Work instructions:
Using only the entries below, copy exactly the lines that begin at the one with "CHRISTIAN LACROIX vintage" and end at the one with "Indicative measurements : inner", both included. Drop the pictures.

Given information:
****

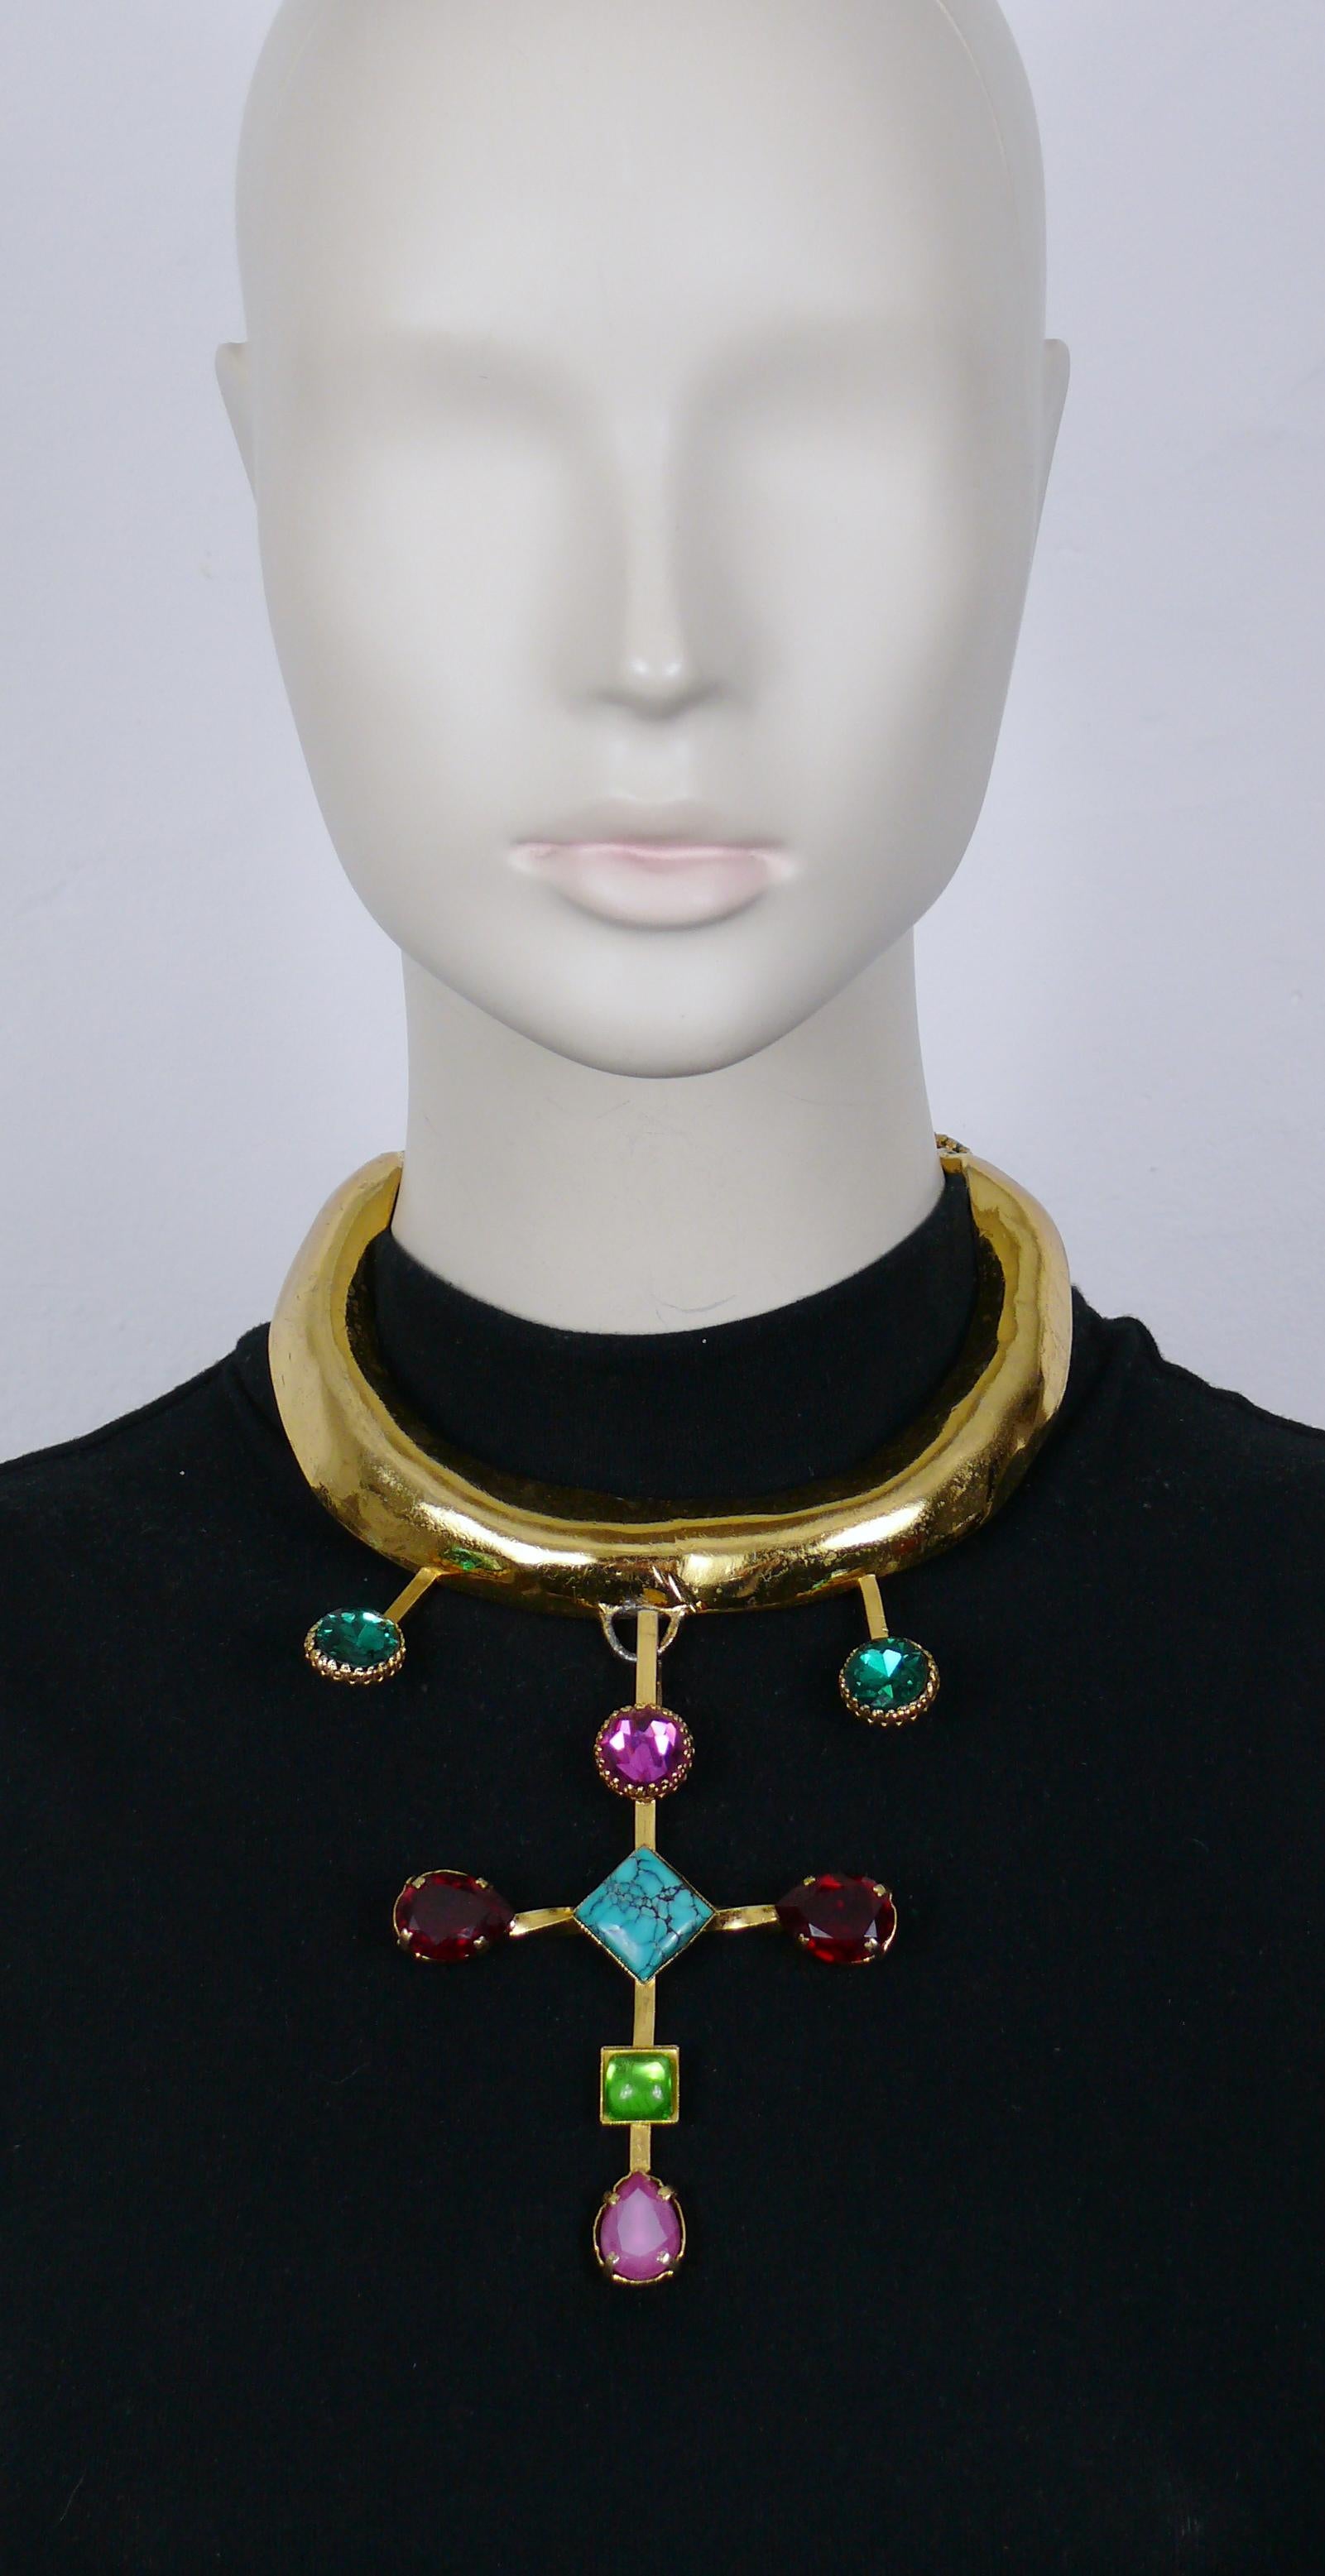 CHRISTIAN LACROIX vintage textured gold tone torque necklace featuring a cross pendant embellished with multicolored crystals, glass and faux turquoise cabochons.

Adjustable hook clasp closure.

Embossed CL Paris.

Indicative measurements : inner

****

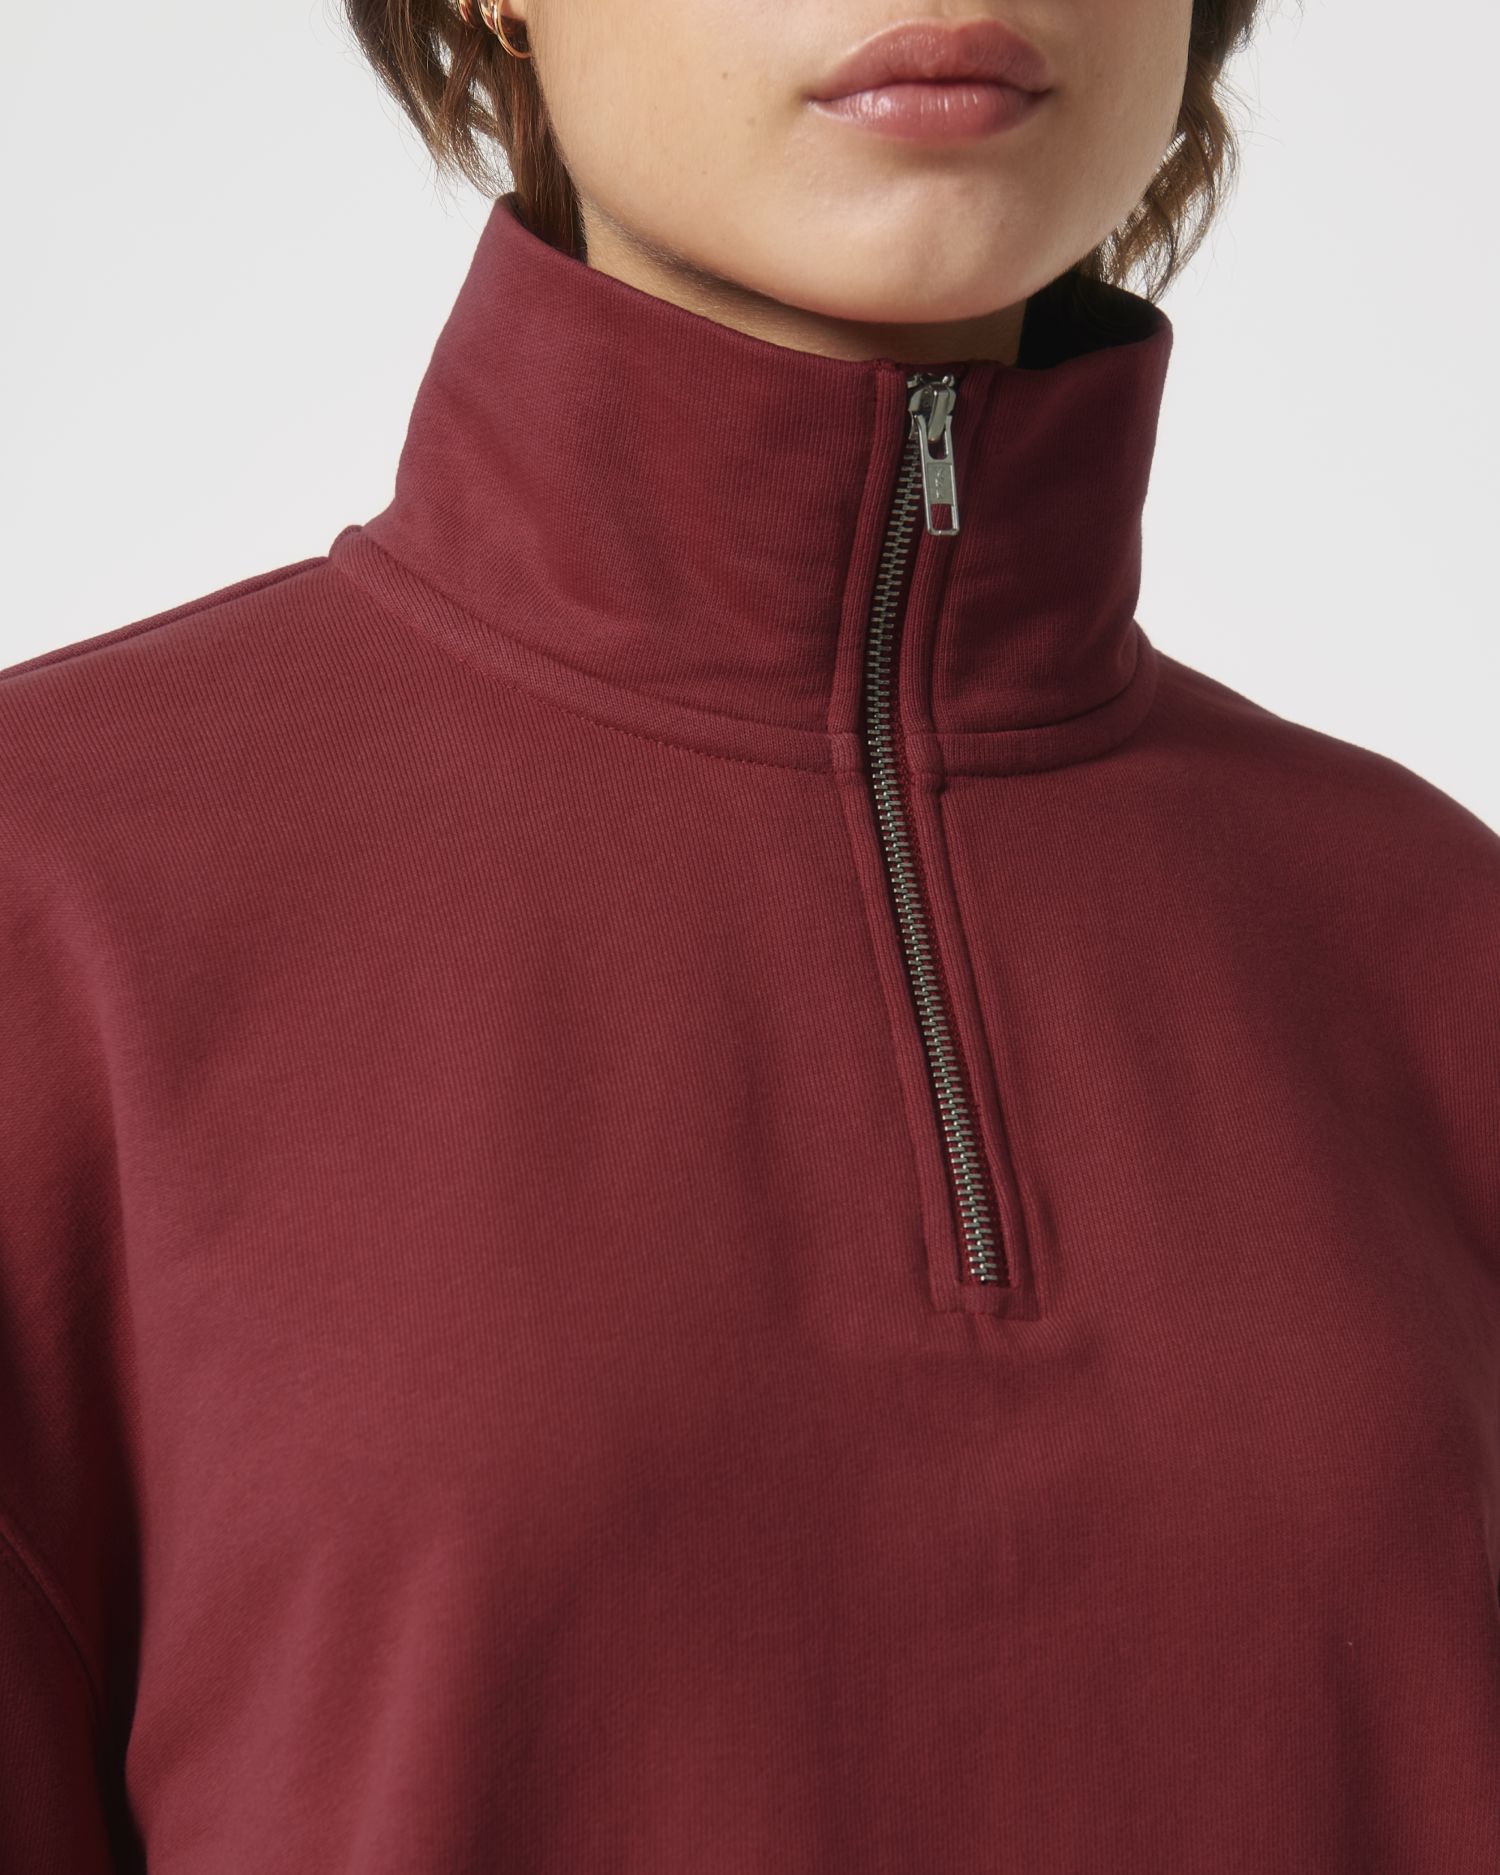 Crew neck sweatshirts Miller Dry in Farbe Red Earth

****

Exercise response:
 CHRISTIAN LACROIX vintage textured gold tone torque necklace featuring a cross pendant embellished with multicolored crystals, glass and faux turquoise cabochons.

Adjustable hook clasp closure.

Embossed CL Paris.

Indicative measurements : inner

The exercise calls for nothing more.